Dazu ist der Blank bei einer Länge von 2,75m auch sehr leicht, komplett wiegt mein Eigenbau nur 285 g, was bei einer Wallerspinnrute doch sehr akzeptabel ist.

Gruß
MeFo-Schreck


----------



## KHof (23. Juli 2007)

*AW: welcher rollenhalter???*

Hallo Mefo-Schreck,

auch einen solchen Exoten?
Meine ist gestern endgültig fertig geworden.

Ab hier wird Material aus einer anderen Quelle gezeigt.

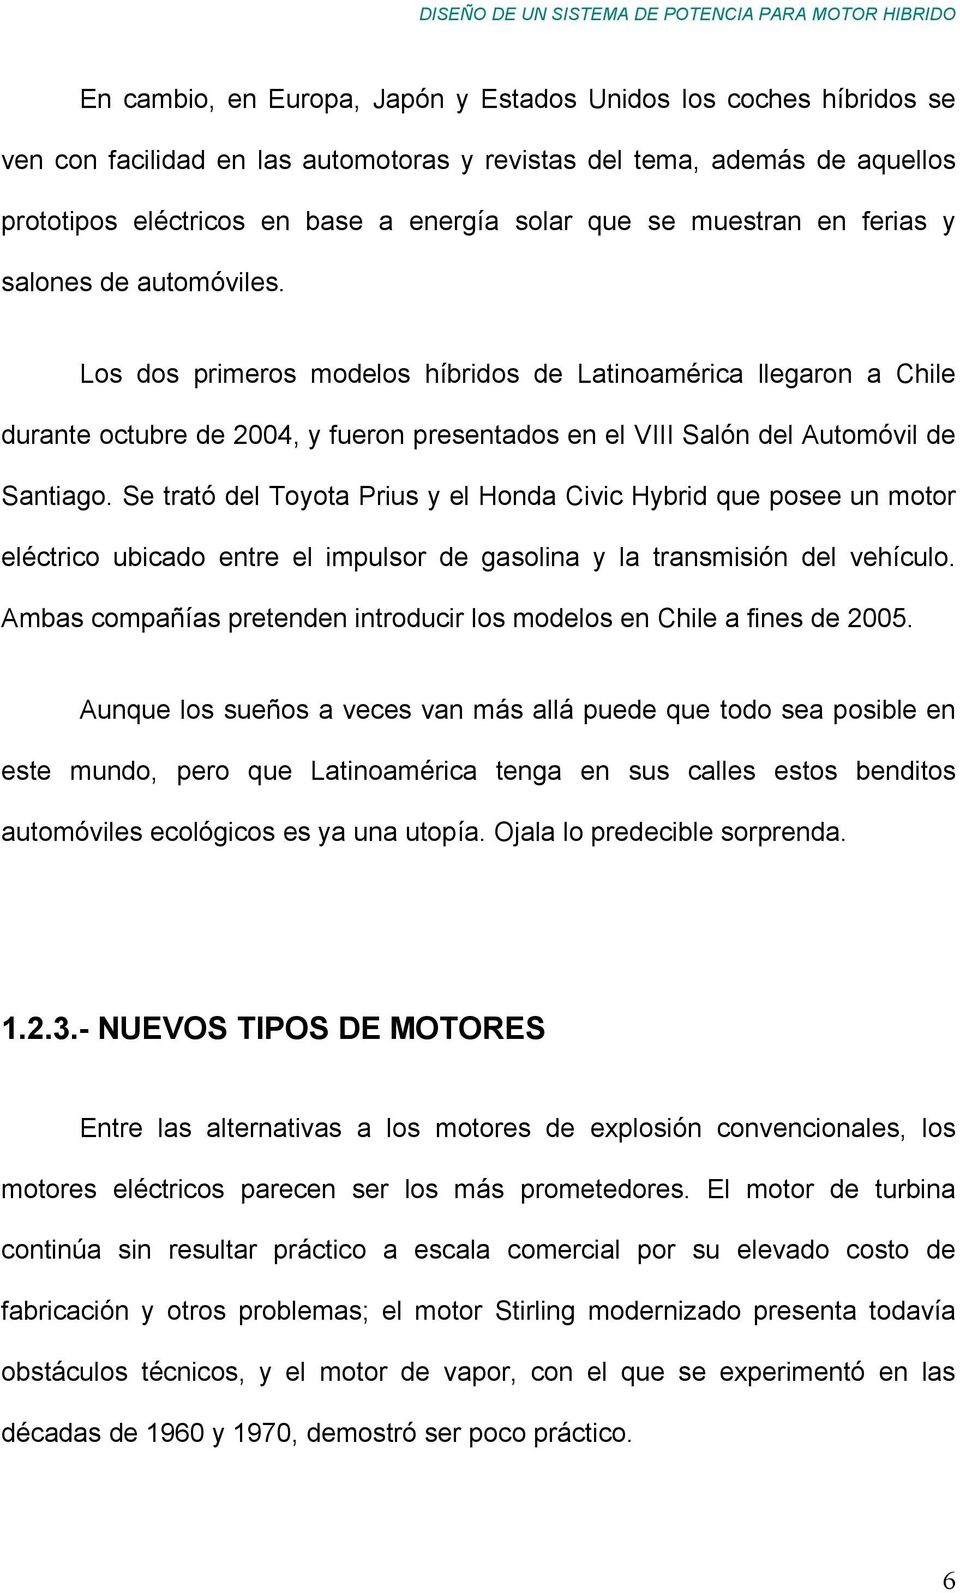 Los dos primeros modelos híbridos de Latinoamérica llegaron a Chile durante octubre de 2004, y fueron presentados en el VIII Salón del Automóvil de Santiago.

Schon im ersten Aufbau hat die sich als Gufirute für Hecht bestens bewährt. 
Jetzt darf sie wieder dicke Gummis schleudern.

Klaus


----------



## Nordlichtangler (23. Juli 2007)

*AW: welcher rollenhalter???*

Die Blanks fallen wirklich in die Kategorie sehr gut und günstig.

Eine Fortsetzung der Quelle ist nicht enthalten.